Scrapyd is a tool for deploying and running Scrapy projects. With it, you can upload the written Scrapy project to the cloud host and control its operation through API.
Since it is a Scrapy project deployment, it basically uses the Linux host, so the installation in this section is for the Linux host.
1. Related Links
- GitHub:https://github.com/scrapy/scrapyd
- PyPI:https://pypi.python.org/pypi/scrapyd
- Official documentation: https://scrapyd.readthedocs.io
2. pip install
It is recommended to use pip to install, the command is as follows:
pip3 install scrapyd
3. Configuration
After the installation is complete, you need to create a new configuration file /etc/scrapyd/scrapyd.conf. Scrapyd will read this configuration file when it is running.
After Scrapyd 1.2 version, this file will not be created automatically, we need to add it ourselves.
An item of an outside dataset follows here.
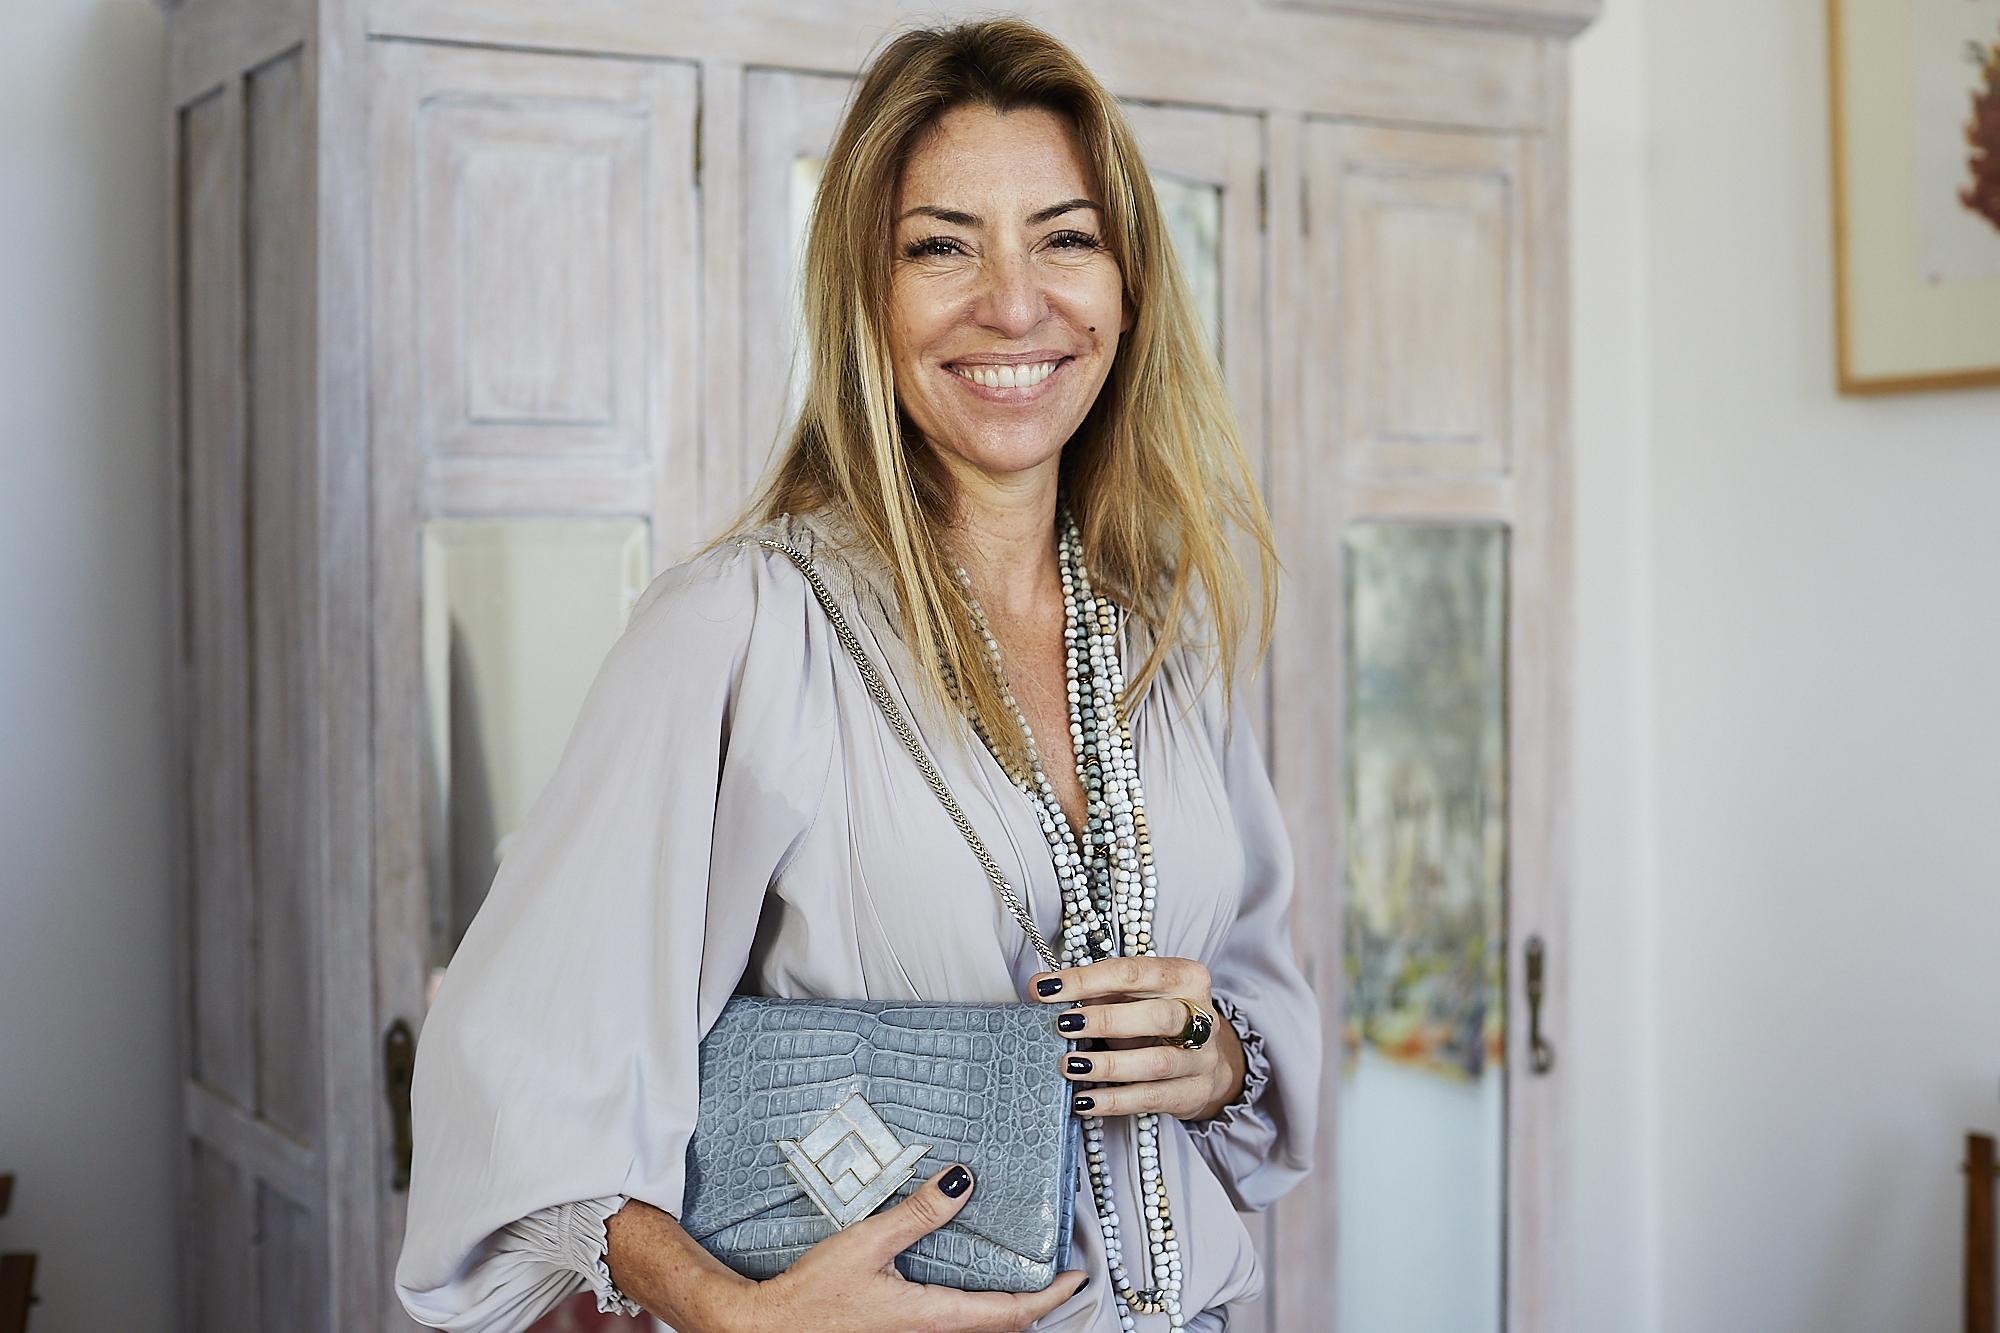 Mercedes Sanchez-Elia

First, execute the following command to create a new file:
sudo mkdir /etc/scrapyd sudo vi /etc/scrapyd/scrapyd.conf
Then write the following:
[scrapyd] eggs_dir = eggs logs_dir = logs items_dir = jobs_to_keep = 5 dbs_dir = dbs max_proc = 0 max_proc_per_cpu = 10 finished_to_keep = 100 poll_interval = 5.0 bind_address = 0.0.0.0 http_port = 6800 debug = off runner = scrapyd.runner application = scrapyd.app.application launcher = scrapyd.launcher.Launcher webroot = scrapyd.website.Root [services] schedule.json = scrapyd.webservice.Schedule cancel.json = scrapyd.webservice.Cancel addversion.json = scrapyd.webservice.AddVersion listprojects.json = scrapyd.webservice.ListProjects listversions.json = scrapyd.webservice.ListVersions listspiders.json = scrapyd.webservice.ListSpiders delproject.json = scrapyd.webservice.DeleteProject delversion.json = scrapyd.webservice.DeleteVersion listjobs.json = scrapyd.webservice.ListJobs daemonstatus.json = scrapyd.webservice.DaemonStatus
The content of the configuration file can be found in the official documentation https://scrapyd.readthedocs.io/en/stable/config.html#example-configuration-file . The configuration files here have been modified, one of which is that the max_proc_per_cpu
official default is 4, that is, a host can run up to 4 Scrapy tasks per CPU, which is increased to 10 here. The other is bind_address
that the default is local 127.0.0.1, which is modified to 0.0.0.0 here so that it can be accessed by the external network.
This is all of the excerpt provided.